Handled errors and parsed JSON responses

You checked the HTTP status code to detect errors and used jsonDecode to parse the response body. Then to convert the raw JSON into a typed Dart object, you used the Summary.fromJson named constructor.

7

Test yourself

HTTP Requests Quiz

1 / 2
What do the `async` and `await` keywords do in Dart?
  1. They make code run on a separate thread.

    Not quite

    Dart is single-threaded; async/await handles asynchronous operations without threads.

  2. They mark a function as asynchronous and pause execution until a Future completes.

    That's right!

    The `async` keyword marks a function as asynchronous, and `await` pauses execution until the Future resolves.

  3. They automatically cache the results of function calls.

    Not quite

    Caching requires separate implementation; async/await is for handling asynchronous operations.

  4. They convert synchronous code to run in the background.

    Not quite

    They don't move code to the background; they manage asynchronous execution flow.

Why is `Uri.https` preferred over string concatenation when building URLs in Dart?
  1. It makes the code shorter.

    Not quite

    Code length isn't the main benefit; proper encoding is.

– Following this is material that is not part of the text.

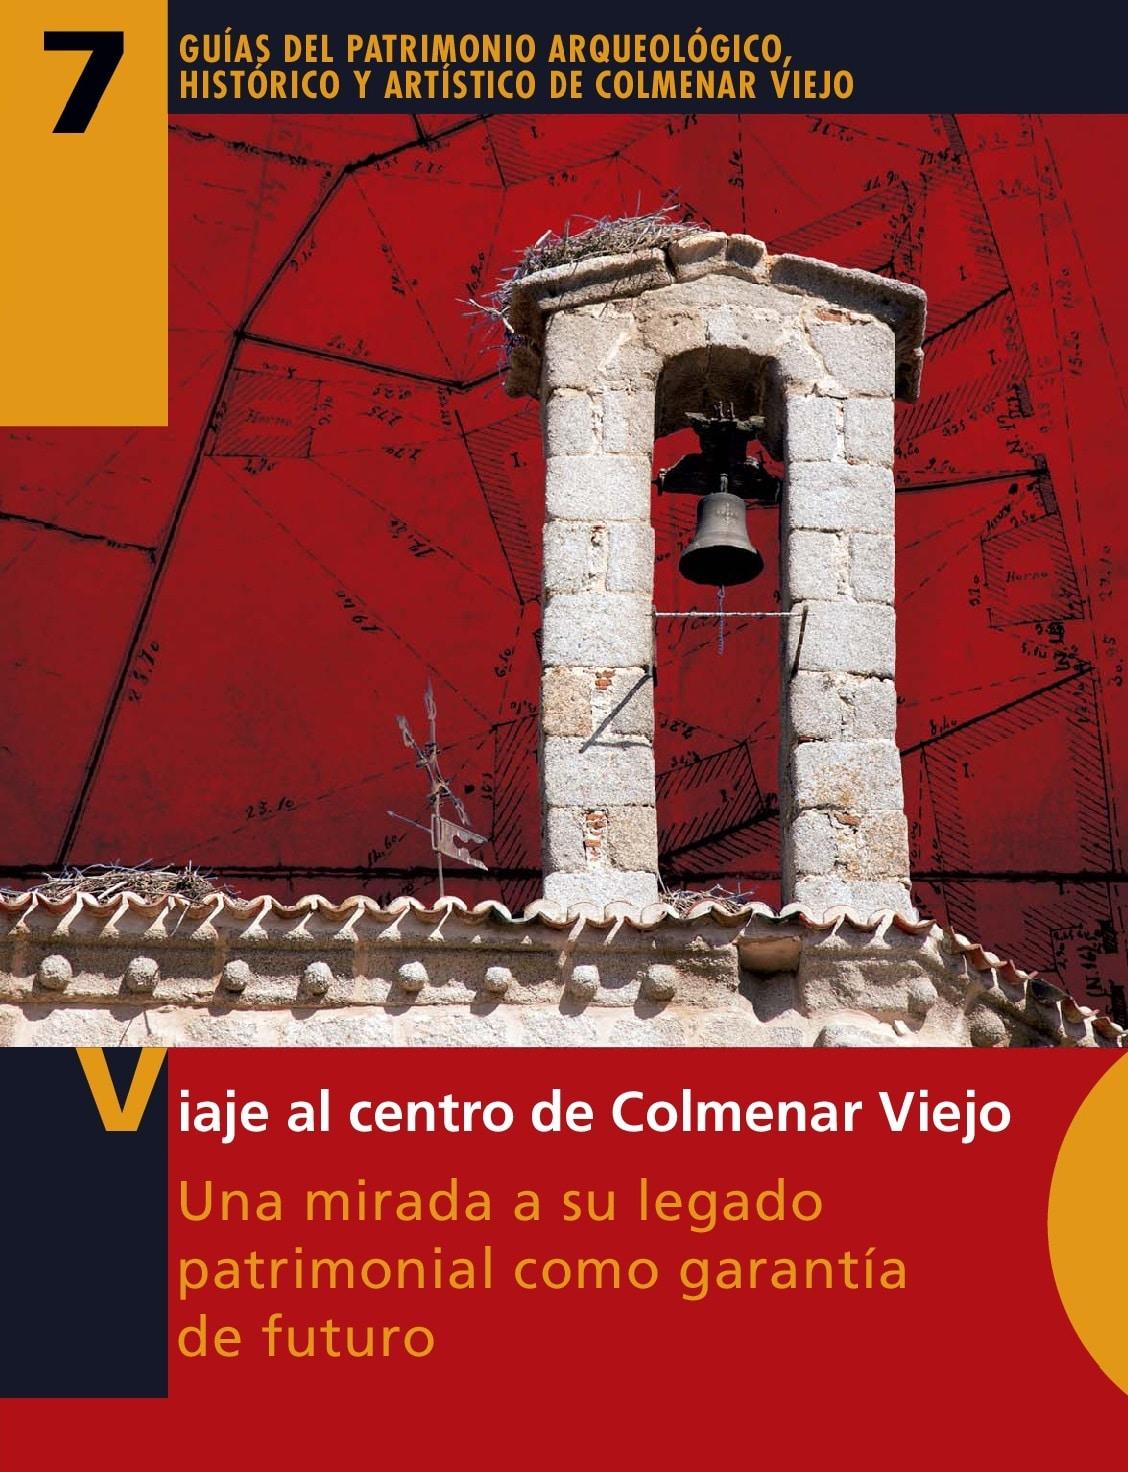 GUIA DE PATRIMONIO ARQUEOLOGICO_VIAJE AL CENTRO DE CV_Página_001

  2. It safely handles encoding and formatting, especially for special characters and query parameters.

    That's right!

    Uri.https properly encodes special characters and formats URLs, preventing common errors.

  3. It's required by the http package.

    Not quite

    You can use strings, but Uri.https is safer and more reliable.

  4. It automatically validates that the URL exists.

    Not quite

    Uri.https builds the URL; it doesn't check if the endpoint exists.